Curvature flows and spectral estimates.

曲率流和谱估计。

• 批准号: FT130101102
• 负责人: Dr Julie Clutterbuck
• 金额: $ 41.97万
• 依托单位: Monash University
• 依托单位国家: 澳大利亚
• 项目类别: ARC Future Fellowships
• 财政年份: 2014
• 资助国家: 澳大利亚
• 起止时间: 2014-04-01 至 2021-12-30
• 项目状态: 已结题
• 来源: https://dataportal.arc.gov.au/RGS/Web/Grants/FT130101102
• 关键词: Curvature; flows; spectral; estimates.

Curvature flows are a class of geometrically motivated equations, modelled on the heat equation. Recently, researchers have developed new methods for studying the regularity of solutions to these equations, and applied them to a different problem, that of estimating quantities depending on the smaller eigenvalues of a Schroedinger operator.

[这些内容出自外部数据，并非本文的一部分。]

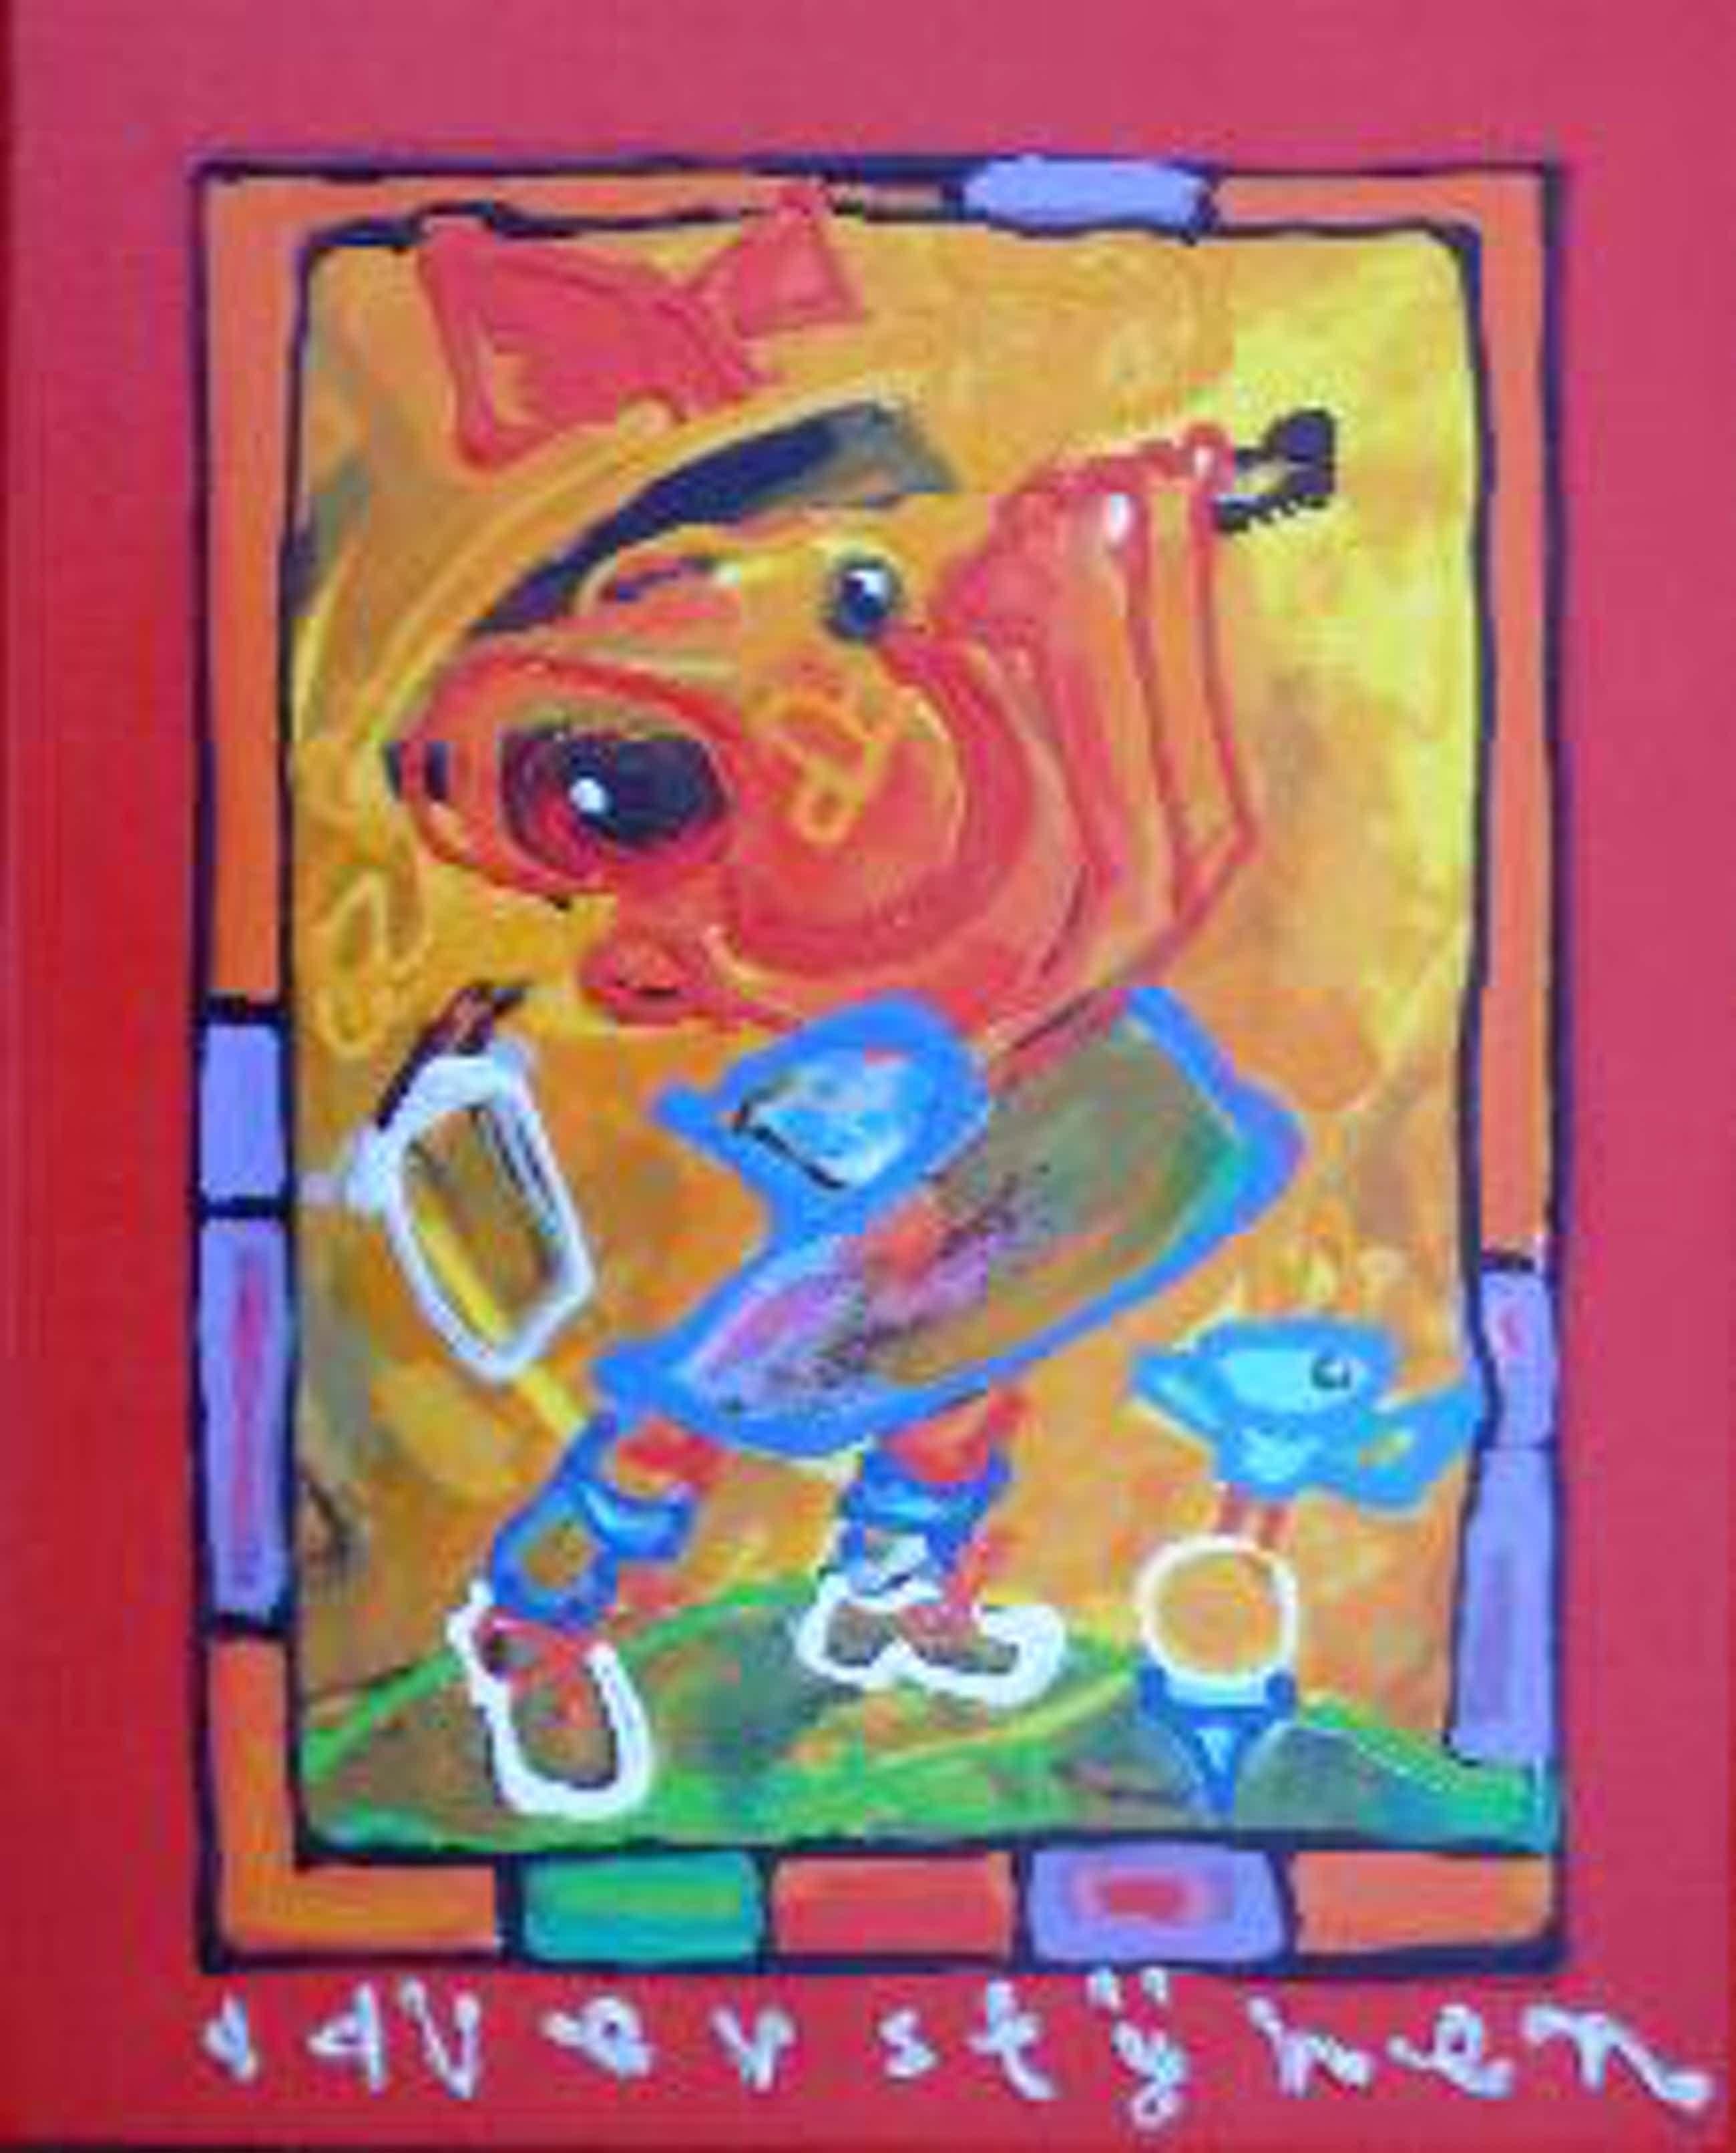 46282b79af1 Kunstveiling.nl: Dé online veiling van Kunst en Design.

This project builds on the early success of this research and will produce a new understanding of the behaviour of eigenvalues, establish sharp estimates for spectral quantities, particularly on manifolds with curvature bounds, and find optimal conditions under which non-compact solutions to curvature flows are stable.

曲率流是一类几何激励方程，以热方程为模型。最近，研究人员开发了新的方法来研究这些方程的解的正则性，并将其应用于不同的问题，即估计依赖于薛定谔算子的较小本征值的量。该项目建立在这项研究的早期成功，并将产生一个新的理解的行为特征值，建立尖锐的估计谱量，特别是在流形曲率边界，并找到最佳条件下，非紧的解决方案曲率流是稳定的。